Aim of the exercise ->
From the records below, set down exactly the lines starting with the line that contains "SheetWorld 100% Cotton" and going on through the line that contains "Title: Geo-biologically Important". Nothing else is wanted.

Data for review ->

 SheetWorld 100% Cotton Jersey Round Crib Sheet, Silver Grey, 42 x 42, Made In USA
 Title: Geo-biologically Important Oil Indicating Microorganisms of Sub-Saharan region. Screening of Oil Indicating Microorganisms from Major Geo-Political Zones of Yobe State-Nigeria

...

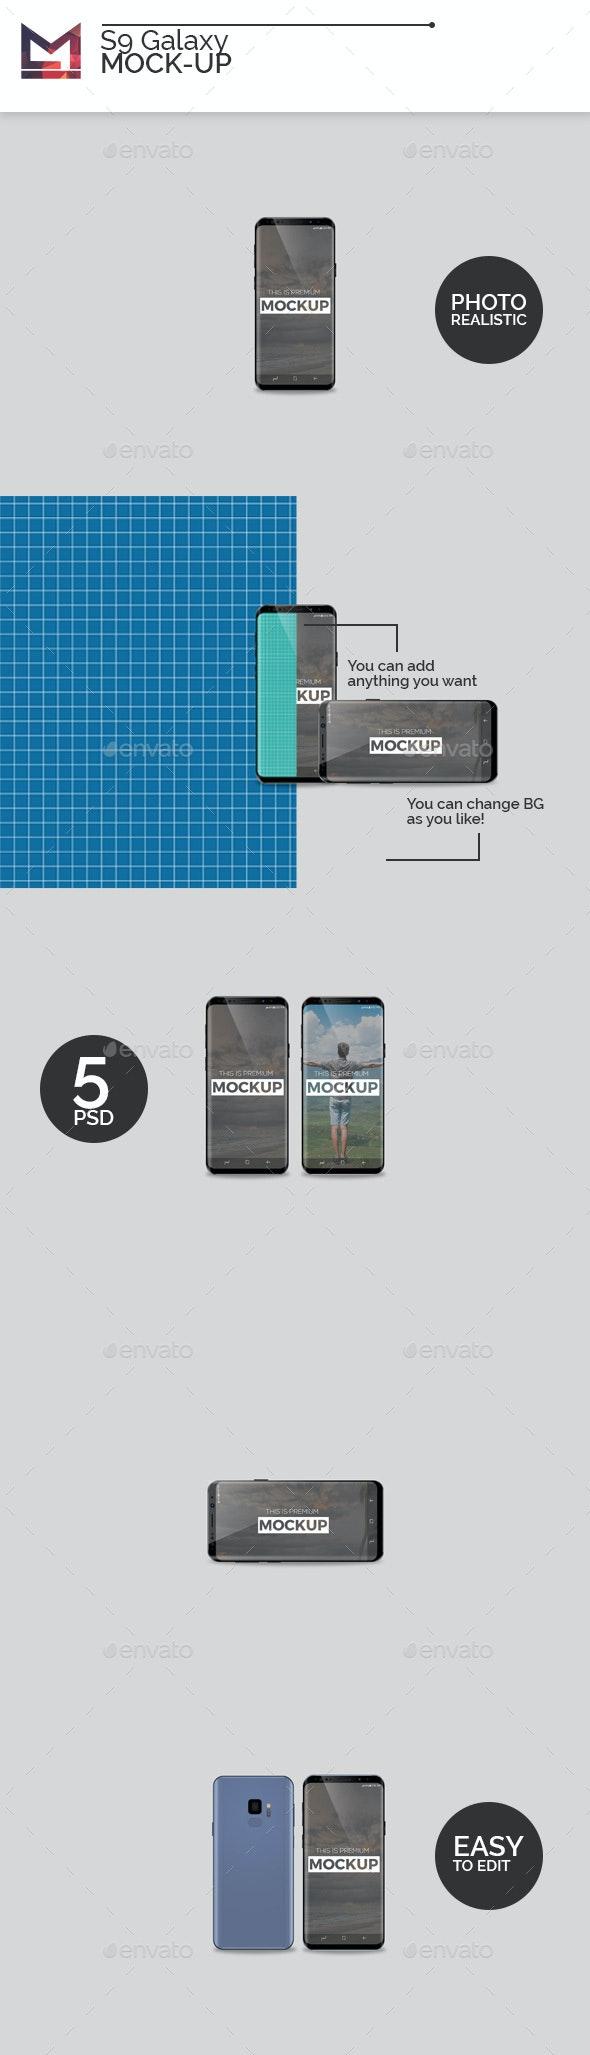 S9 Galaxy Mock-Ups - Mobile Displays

Exercise answer ->
 SheetWorld 100% Cotton Jersey Round Crib Sheet, Silver Grey, 42 x 42, Made In USA
 Title: Geo-biologically Important Oil Indicating Microorganisms of Sub-Saharan region. Screening of Oil Indicating Microorganisms from Major Geo-Political Zones of Yobe State-Nigeria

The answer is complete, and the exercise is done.